Listed companies using IFRS Standards or US GAAP are estimated to have around US$3.3 trillion of lease commitments; over 85 per cent of which do not appear on their balance sheets. That is because leases to date have been categorised as either ‘finance leases’ (which are reported on the balance sheet) or ‘operating leases’ (which are disclosed only in the notes to the financial statements).
This somewhat arbitrary distinction made it difficult for investors to compare companies.It also meant that investors and others had to estimate the effects of a company’s off balance sheet lease obligations, which in practice often led to overestimating the liabilities arising from those obligations. IFRS 16 solves this problem by requiring all leases to be reported on a company’s balance sheet as assets and liabilities.

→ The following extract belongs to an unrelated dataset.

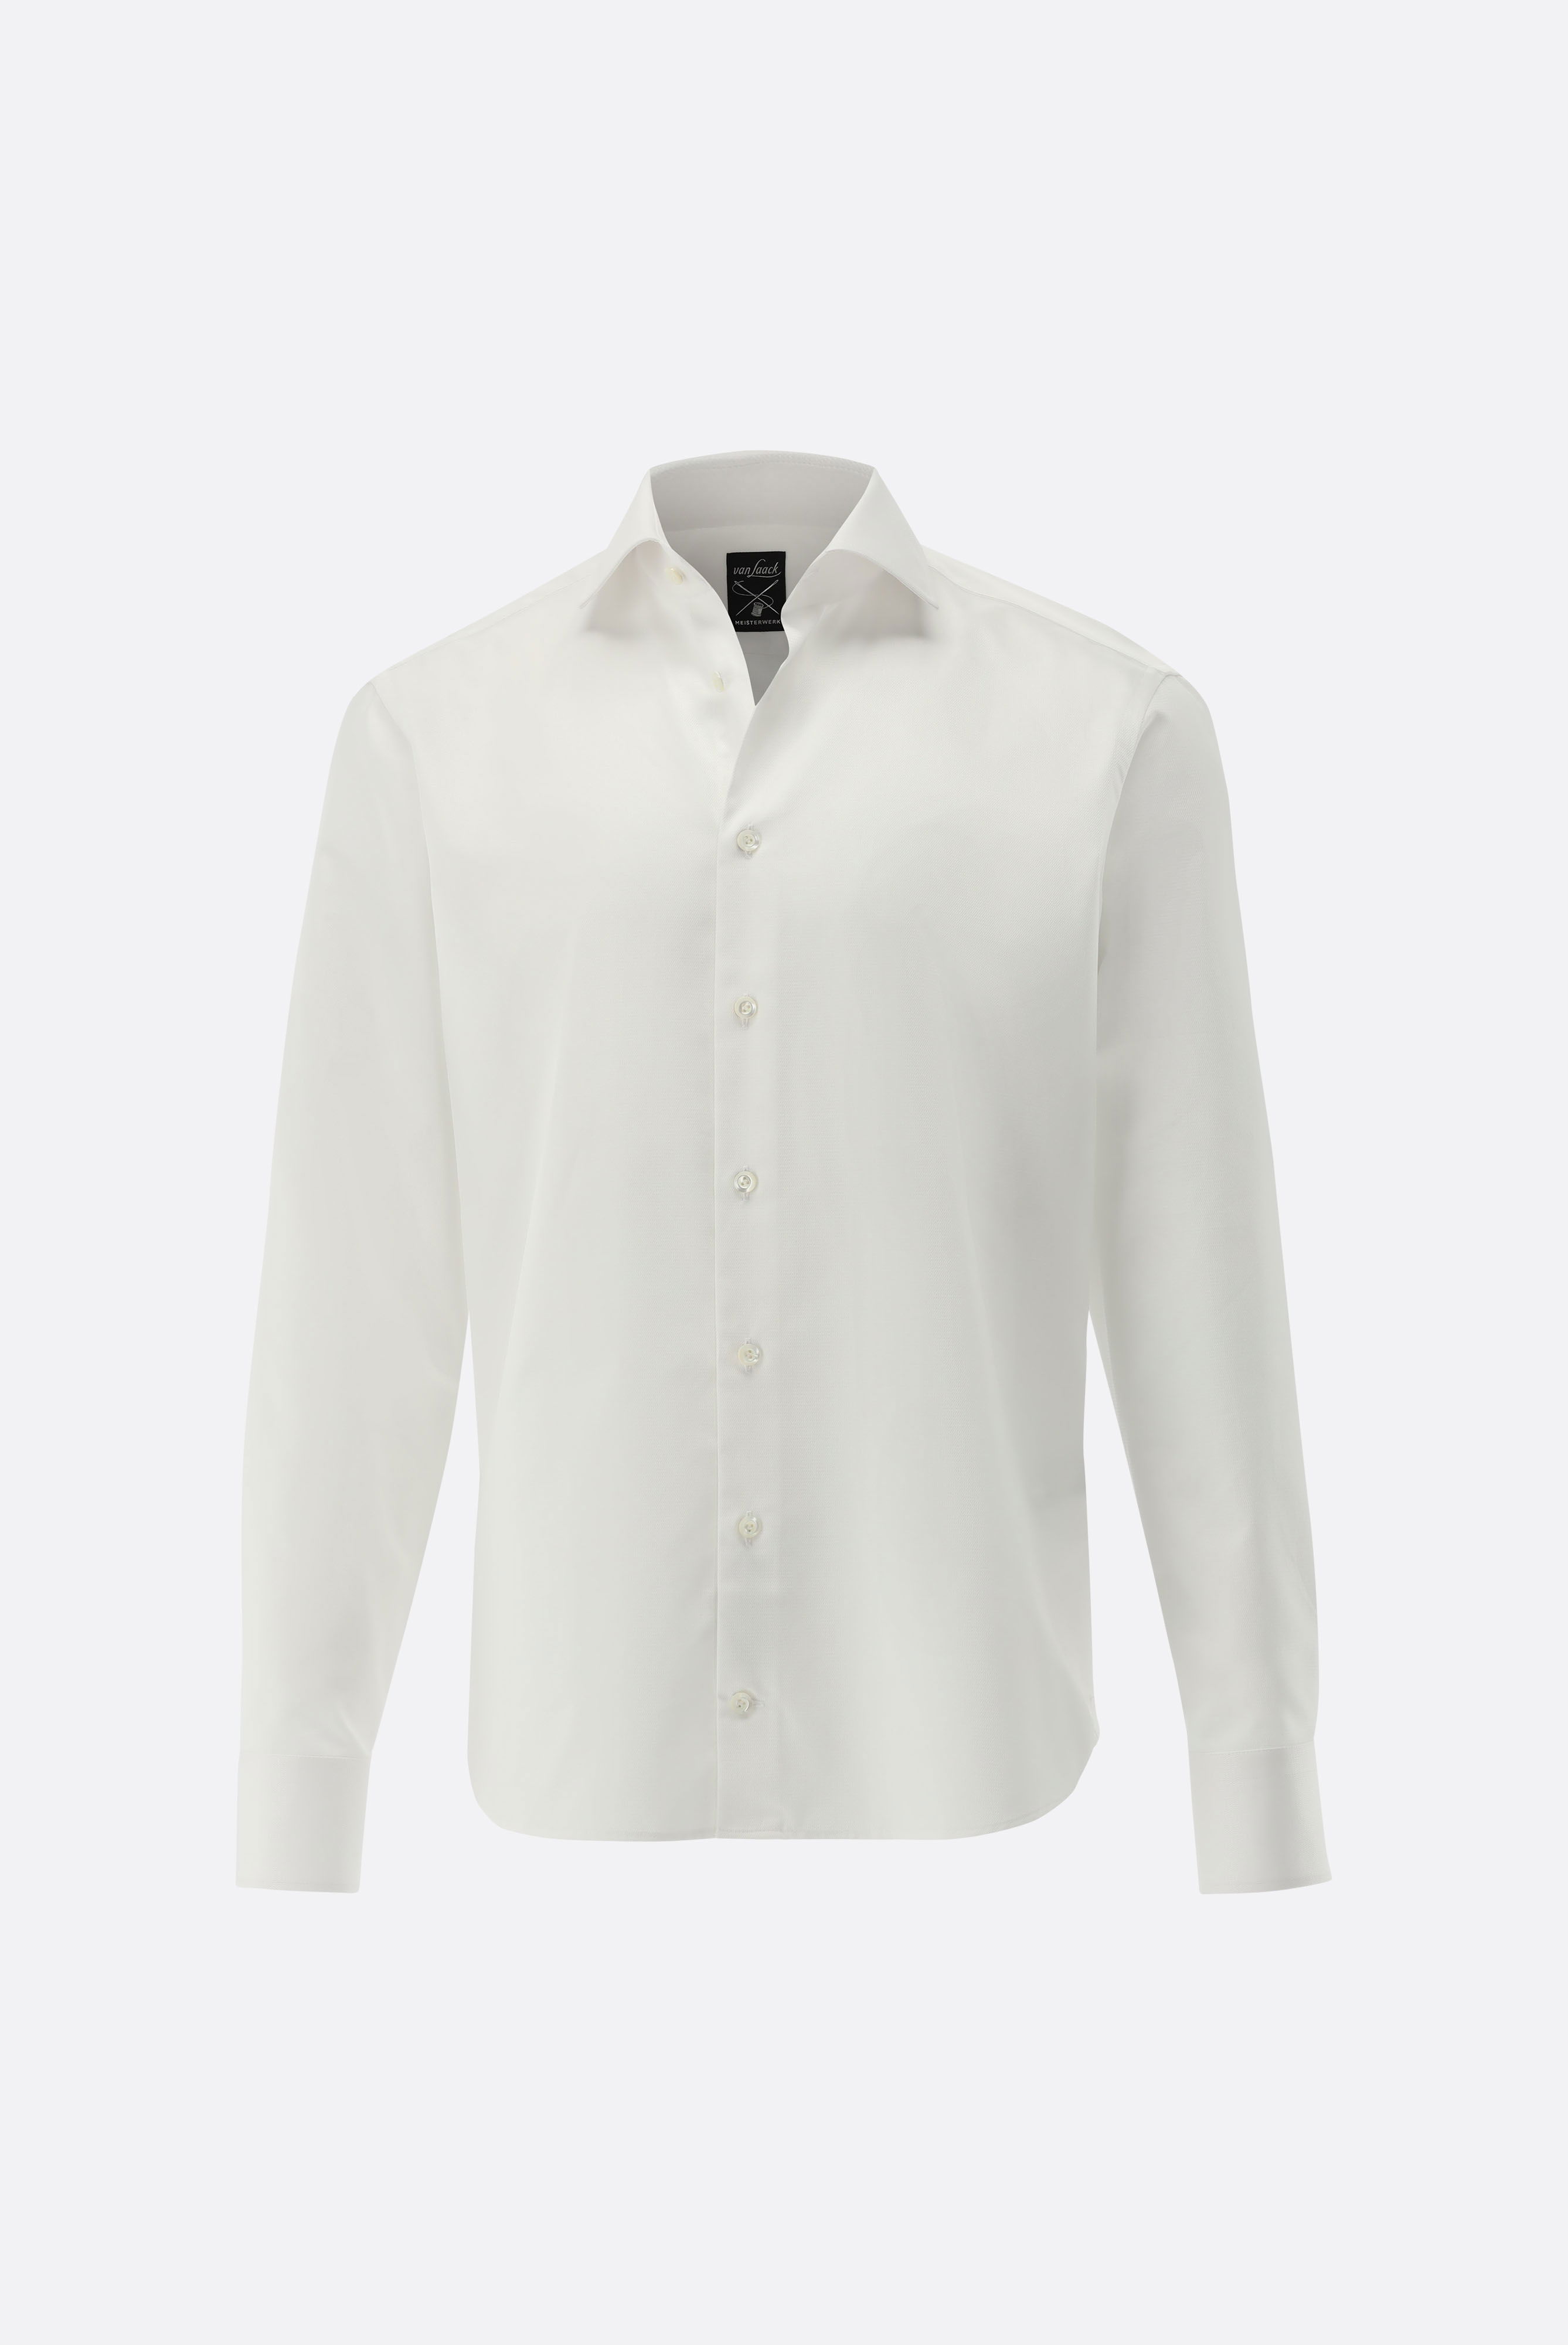 Bügelleichte Hemden+Bügelfreies Twill Hemd mit Struktur Tailor Fit+20.2020.BQ.150301.000.38

Hans Hoogervorst, IASB Chairman, commented:
These new accounting requirements bring lease accounting into the 21st century, ending the guesswork involved when calculating a company’s often-substantial lease obligations.
The new Standard will provide much-needed transparency on companies’ lease assets and liabilities, meaning that off balance sheet lease financing is no longer lurking in the shadows. It will also improve comparability between companies that lease and those that borrow to buy.
The new Leases Standard has been subjected to multiple rounds of public consultation and extensive Board-level deliberation, all of which has been conducted in public and webcast.
The IASB has also worked in close collaboration with the US Financial Accounting Standards Board (FASB) on the development of the new Standard. The two Boards are aligned on the central issue of bringing leases onto balance sheets, and on the definition of a lease and how lease liabilities should be measured.